No Fry's here in Florida.... but wait, how did you connect the other end?? Please don't tell me you soldered it in the car??
I'd like to be able to do all the soldering on the bench and then just run cables and plug them in to each other while in the car, which is why I might end up going with 3 Cat5s.
I had to. Patience is a virtue. I couldn't solder both ends on the bench because of the size of the harness. You just need lots of light and a safe, stable place to rest the iron at all times, and half of your problems are gone. Cover everthing, of course, and I mean everything.:)

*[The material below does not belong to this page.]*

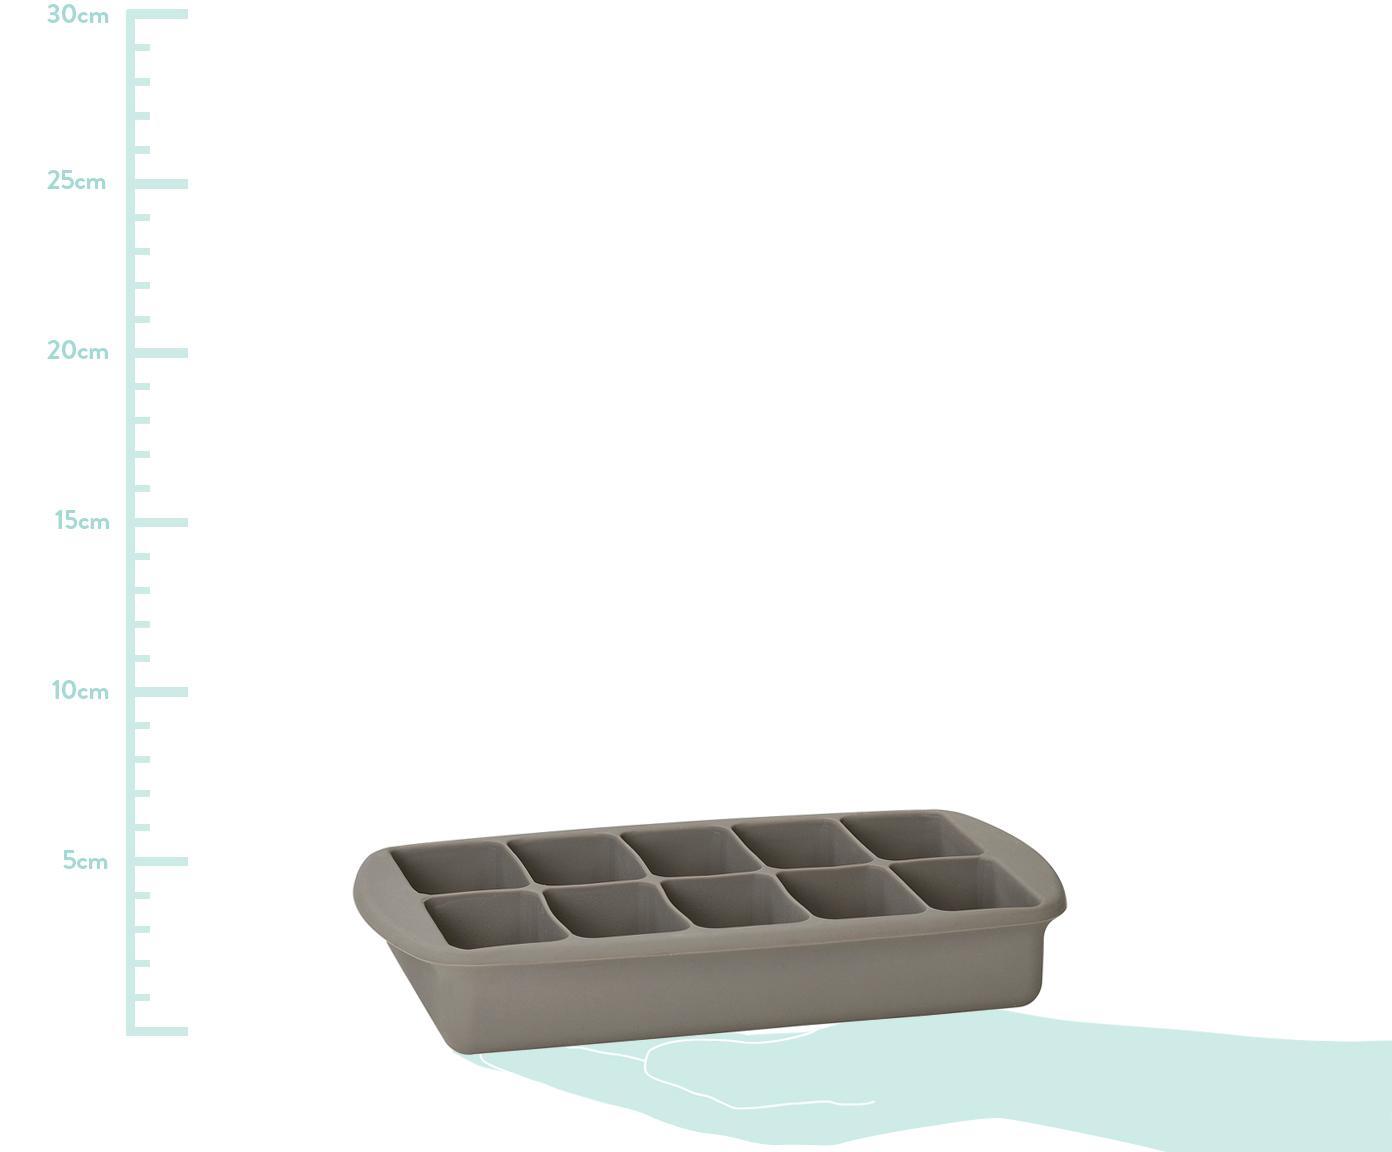 Eiswürfelform Glins, Deckel: Kunststoff, Grau, 21 x 4 cm

Well it looks like I was wrong about the eject button being on the Head Unit instead of the faceplate. It is definitely on the face place. However, the faceplate has a slot through which the CD passes so the face does not have to be off to eject it which means that I shouldn't have any issues there....

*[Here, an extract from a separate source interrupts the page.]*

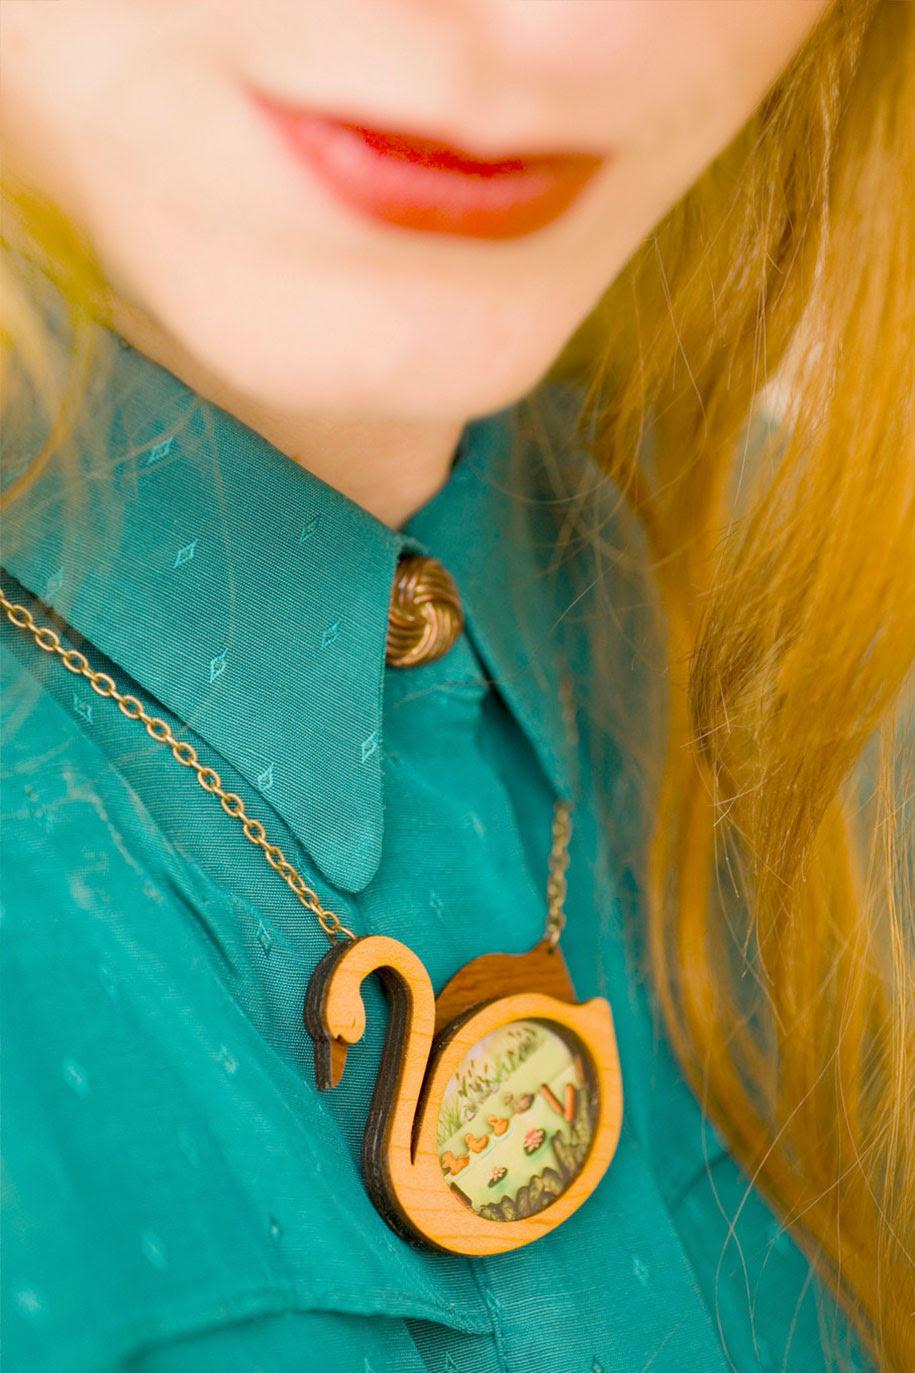 fairytale-necklaces-scenes-inside-laliblue-gemma-arnal-jerico-8

Another thought: Since my faceplate will likely be in the center console where the remote will not be able to aim at it, has anyone tried relocating the IR eye to another location?? Or even adding an Auxiliary IR receiver somewhere on the dash??
remote locating the eye isn't hard, or you could use a PAC IR repeater too if you don't want to have to hack up the faceplate...
Thanks for the tip on the PAC IR... I knew there had to be something out there, because I've seen it done in several home theater installations where most of the equipment would literally be in another room.
Originally Posted by turbocad6
As for the progress on my remote faceplate: I've figured out that it will probably be easiest to just solder directly to the connectors on the back of the faceplate as they stick out quite a bit. and I will have plenty of clearance behind where I'm going to put it.
However, the connection on the Head Unit side is quite recessed and also surrounded by a metal plate, so I've gotta take the head unit apart to get to the leads on the circuit board inside. I think at this point I'm gonna make sure it works properly before I void the warranty.
Well, I think I'm going to ditch the remote faceplate idea for the time being because I can do almost every function with the remote and PAC IR-X, which I just ordered from eBay for $25 shipped... Thanks Turbo!
This cost me a little bit more than doing the remote faceplate, but it will save me a WHOLE lot of time soldering, cutting and running cables.